Blue Valentine
The Working Horse, October 2002
Blue Valentine was Red Man's most prolific son.
Blue Valentine passed on his sire's legacy of usability and functional conformation to the Merritt Horses of Wyoming. Hyde Merritt horses were popular with ropers for 25 years and the breeding is still found in many remudas in Texas, Oklahoma, Wyoming, and Nebraska.
Blue Valentine's sire Red Man was a well-known sire of top ranch mounts throughout the Arizona cattle country. During the 1940's and 50's, the majority of usin' horse men were more interested in what an individual animal could do under saddle. The Red Man foals could do the job, out on the ranch, in the rodeo arena, and stayed sound while doing it.
Red Man's foals earned 80 race wins, 18 stakes winners, earning a total of $28,848 back in the days when purses were low. He sired 15 Race ROM earners.
Red Man had a long hip, was tremendously deep through the heart girth, had withers that would hold a saddle and lots of bone. As a sire he passed that size and bone, athletic ability, roan color and good black feet on to most of his line. He was quick out of the box, could really "blow up on one" and after the catch was made and the slack rope pitched away, stop and get back.
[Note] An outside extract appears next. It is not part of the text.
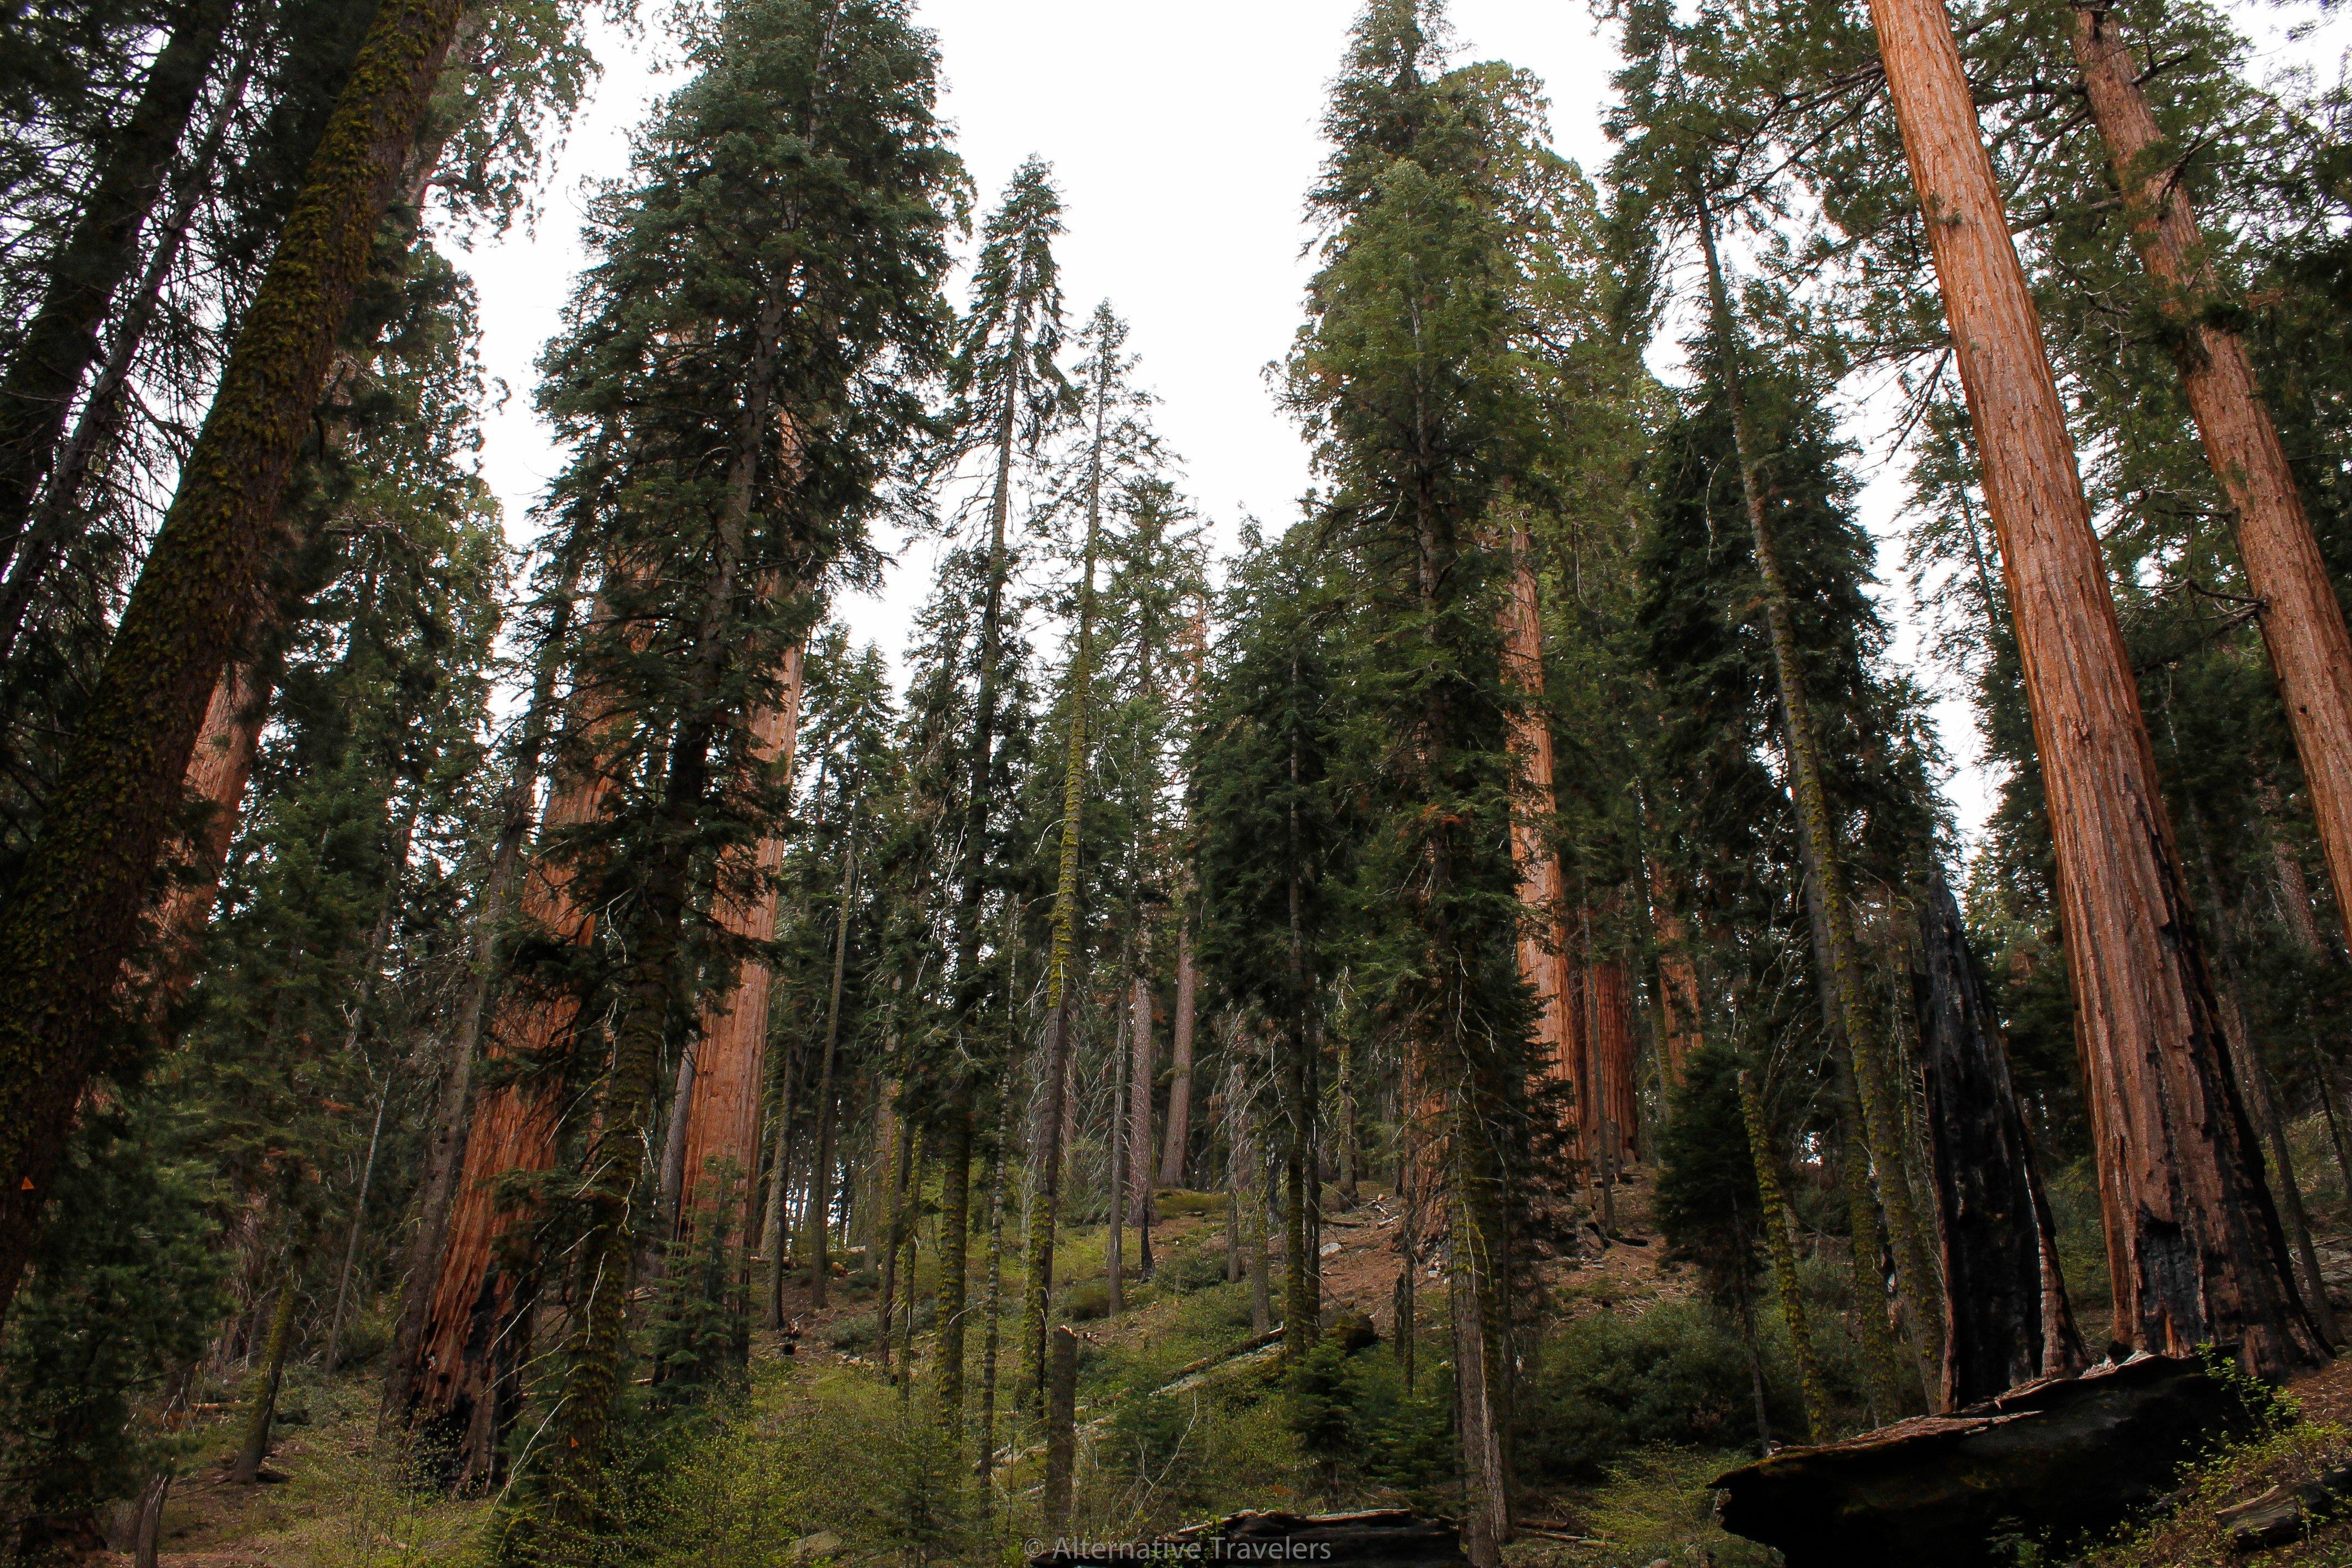 Trees in Sequoia National Park in California, United States - AlternativeTravelers.com

Red Man took to the event like a "duck takes to water", carrying on the tradition of the Hancocks as rope horses.
Red Man was sired by the legendary Joe Hancock. Joe Hancock showed speed at a young age and before his racing career was over, Joe Hancock was open to the world at any distance from the starting line to three-eighths of a mile. He won his races by being so fast away from the line that the other horse couldn't catch him. There finally came a time when Joe Hancock simply ran out of competition. He stood pat at three-eighths of a mile, but no one wanted to take on the brown stallion.